Раздавая всем нелицеприятные характеристики, Собакевич упоминает Гогу и Магогу, сравнивая с ними губернатора и вице-губернатора. В данном случае Гоголь использует библейские имена. В Книге пророка Иезекииля описывается Гог, князь в земле Магог, правящий и другими варварскими племенами. Он идет в поход против Святой земли и терпит полное поражение. Магог, как полагают, обозначает Скифию, обширную степную страну к северу и северо-востоку от Кавказа и Каспийского моря. Гог и Магог обозначают державы языческого мира, которые, несмотря на все усилия, направленные против царства Божия, не одолевают его. О Гоге и Магоге как о царях нечестивых народов говорится в сказаниях об Александре Македонском, популярных в Древней Руси; эти сюжеты перешли в народные сказки и лубочные картинки. Собакевич, таким образом, проявляет некоторую культурную эрудированность, точнее, осведомленность. Но характер его высказывания свидетельствует о том, что он знает не столько первоначальный источник — Библию, сколько народное и древнерусское книжное осмысление библейских сюжетов.
Глава построена на последовательном, но принципиально не объясняемом автором чередовании фрагментов, достаточно разнородно представляющих героя. Торг, который ведет с Чичиковым Собакевич, обнаруживает в нем «кулака», как про себя называет хозяина гость.
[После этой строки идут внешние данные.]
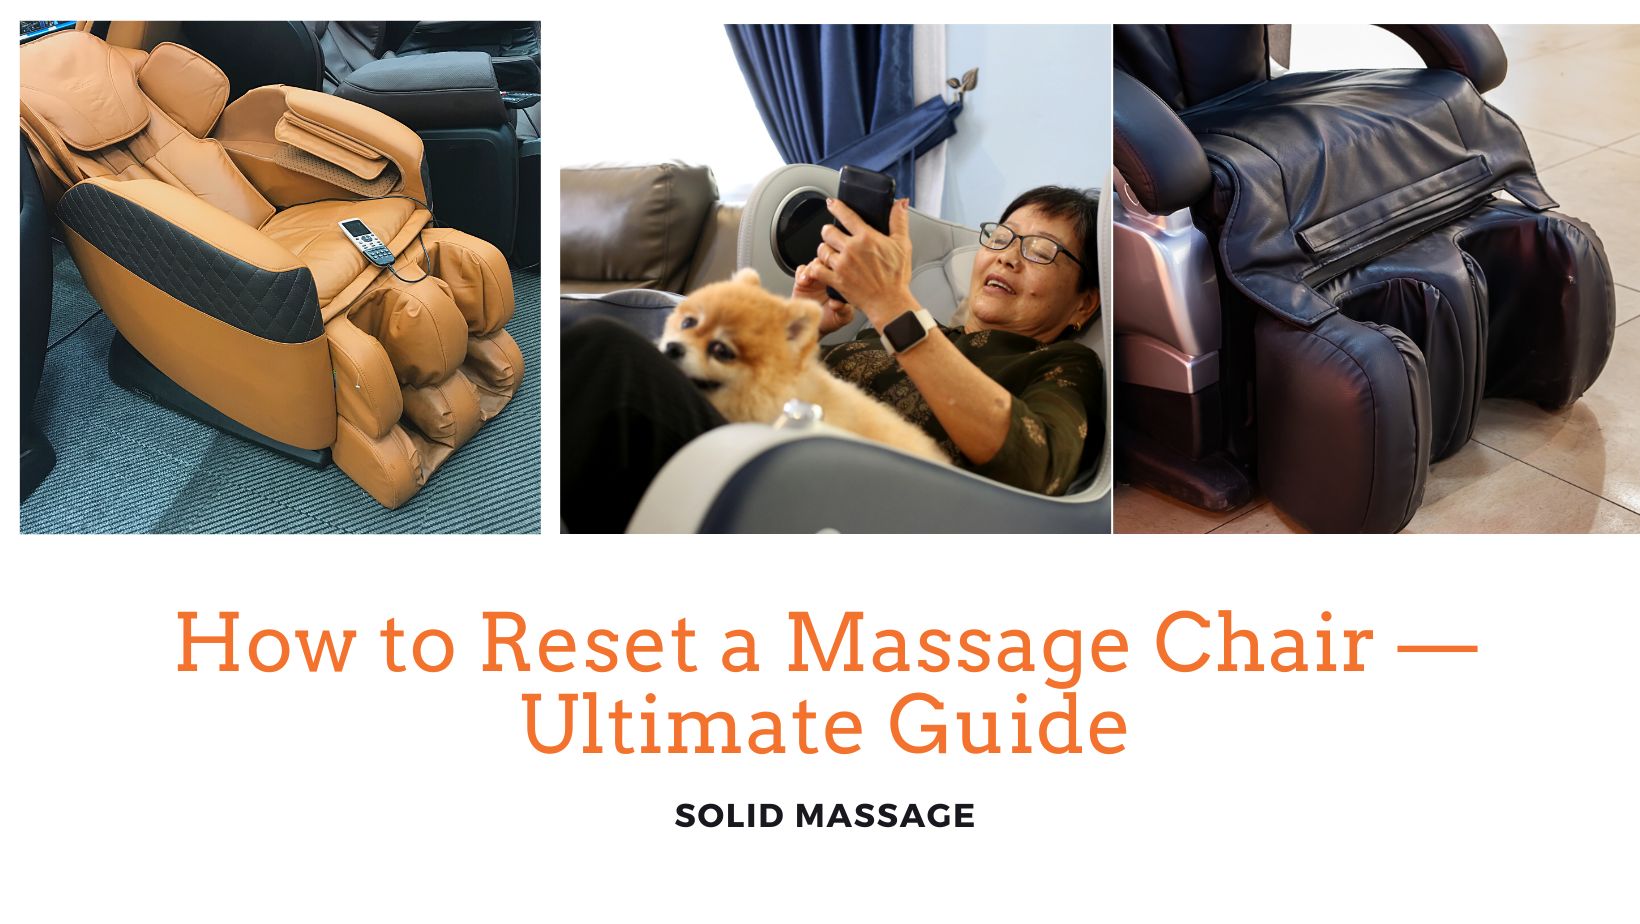 How to Reset a Massage Chair

Изворотливый, находящий со всеми общий язык Чичиков испытывает затруднение. О неподатливости Собакевича говорит и его поза, неподвижная, не меняющаяся в ходе разговора. Дважды повторяется; «все слушал, наклонивши голову», в третий раз — «слушал, всё по-прежнему нагнувши голову… Казалось, в этом теле совсем не было души, или она у него была, но вовсе не там, где следует, а, как у бессмертного кощея, где-то за горами и закрыта такою толстою скорлупою, что всё, что ни ворочалось на дне ее, не производило решительно никакого потрясения на поверхности» (VI, 100–101). Знаменателен этот переход в тексте от описания позы, т. е. внешнего положения человека, к его душе. Чем далее движется поэма, тем настойчивее автор стремится за внешним рассмотреть внутреннее и развернуть сознание читателя к его собственной душе.
В ходе заключения торговой сделки, тем более столь сомнительной, душа Собакевичу совершенно не нужна. Но мы замечаем, что автор говорит не об отсутствии ее у героя, а о том, что она «закрыта… толстою скорлупою». Следуя христианскому пониманию человека, автор никому не отказывает в возможности возрождения, хотя и знает, что без собственных усилий человека это не может произойти.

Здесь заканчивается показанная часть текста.